Sunday, August 22, 2010

SEATTLE AND THE USEFUL FOOT







In my experience, the best way to get to know a city is on foot. (Foot pic is from Vancouver…)

In Seattle, we stayed in a great hotel, the Mediterranean, in the Queen Anne District. (Thank you Priceline.com for the $114 rate.) I liked the hotel but I really liked that you could walk just about anywhere you wanted. After a delicious Cajun lunch, we walked six blocks to Seattle Center.
Seattle Center is a large, car-free hunk of the city with theatres, green space, the Space Needle, the spacey Jimi Hendrix Experience Museum (a museum designed by Frank Gehry and dedicated to rock music from the Seattle area), an amusement park and a huge public sculpture that features a fountain that spouts or mists or dribbles in tandem with music.

Kids come to the fountain in their bathing suits in the summer and try to outwit the spouting patterns. One tweenager came in new jeans and a clean white shirt with what seemed to be his older brothers. The brothers egged him on to get closer to the fountain, which he did, dodging pulses and jets of water. But the music was dramatic and suddenly a blast came out from all directions and he was instantly soaked from his spiky gelled hair down to his new, white Nikes.

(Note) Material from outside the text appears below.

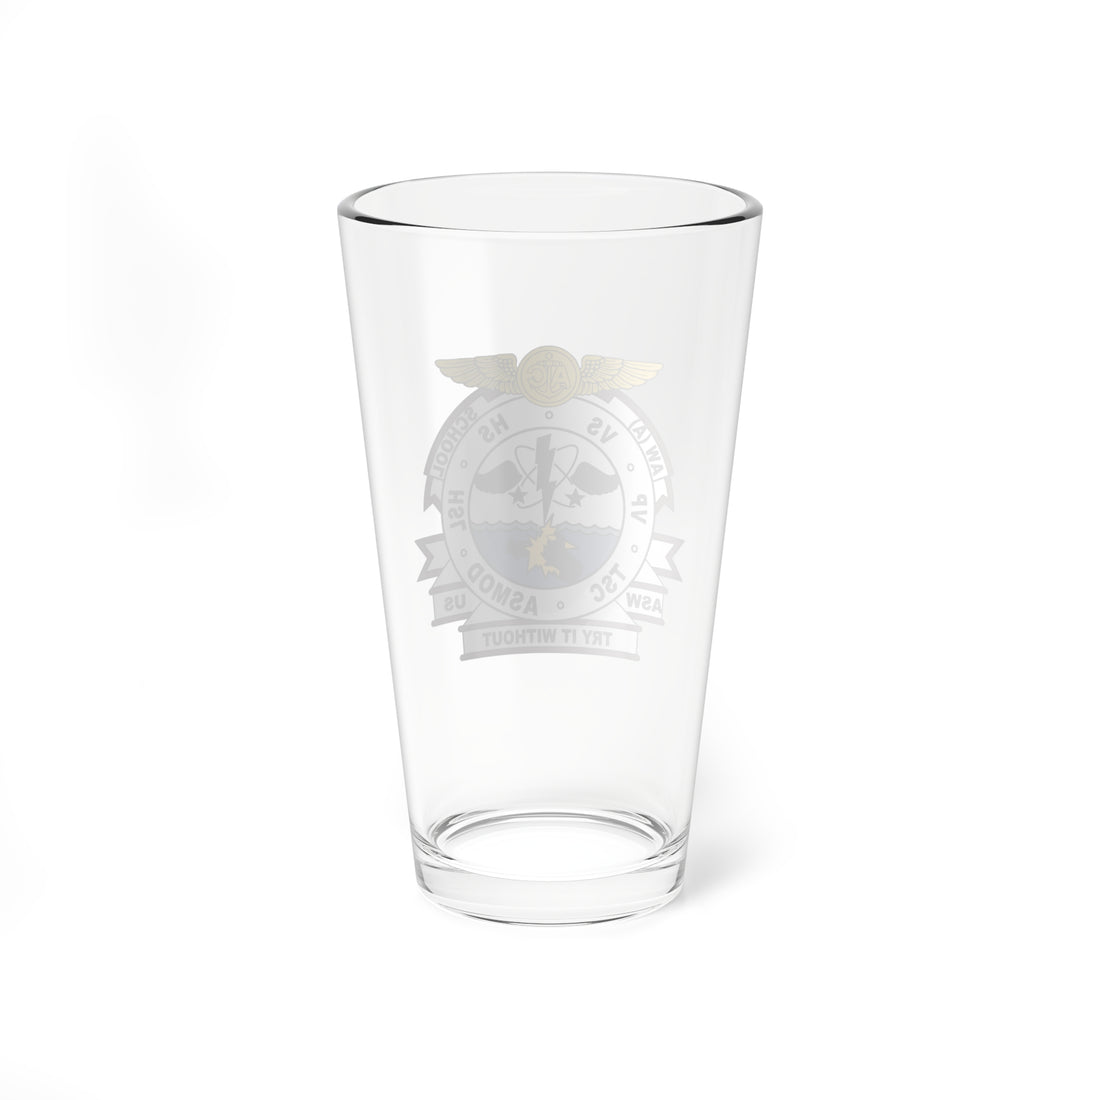 AW(A) School Pint Glass, US Navy Aviation Warfare Systems Operator Advance Training School from late 1990's to early 2000's
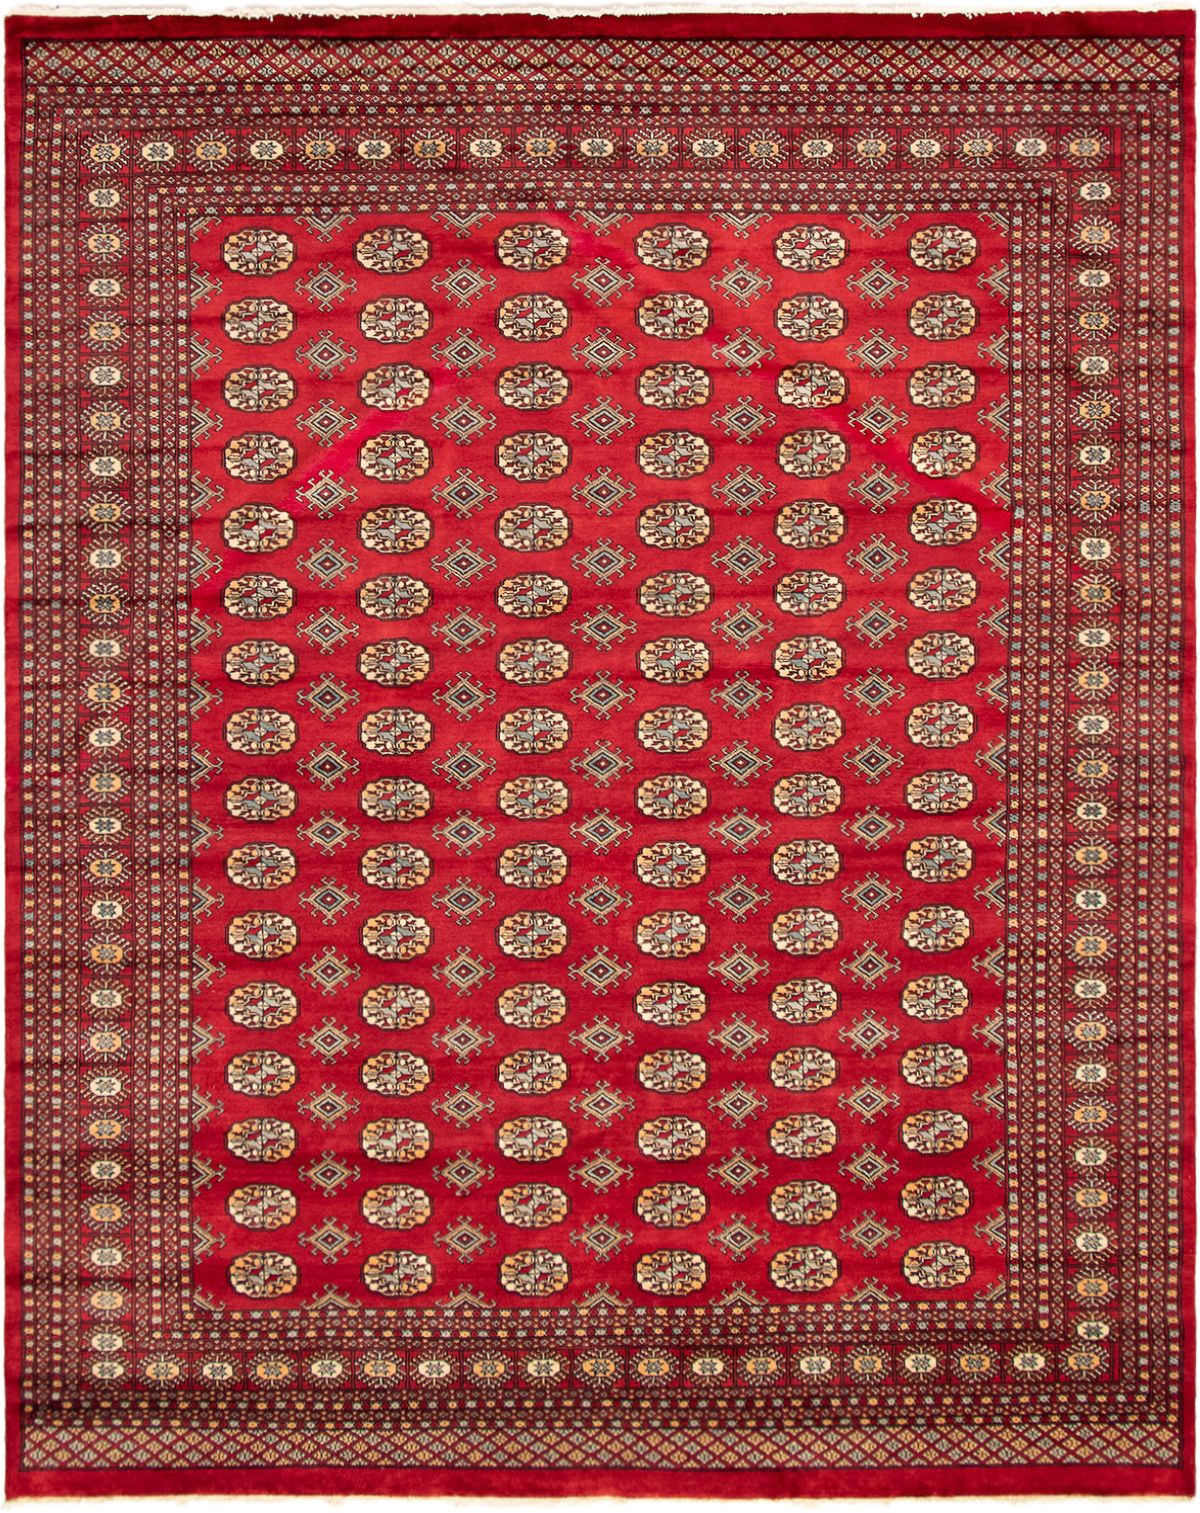 Hand-knotted Finest Peshawar Bokhara Red Wool Rug 8'0" x 9'11" Size: 8'0" x 9'11"

Pike’s Market, down by the water, was maybe a mile and a half away so we broke up the walk at a coffee shop. Seattlers (Seattllites? Seattlette’s?) love their coffee, and they also love book shops. We love them, too, and spent some time in one in Pike’s Market. But the best one was the anarchist bookstore. A punk rocker turned Dante on to Kurt Vonnegut there. The V section of the literature shelves has a card that reads something like “If you want a Vonnegut book ask at the counter.” Apparently Vonnegut was a popular shoplift item at the anarchist bookstore so they keep them behind the register.

Dante and Mark read Cat’s Cradle together on the train. At one point in the lounge car they laughed so hard they were wiping tears and could not finish the chapter.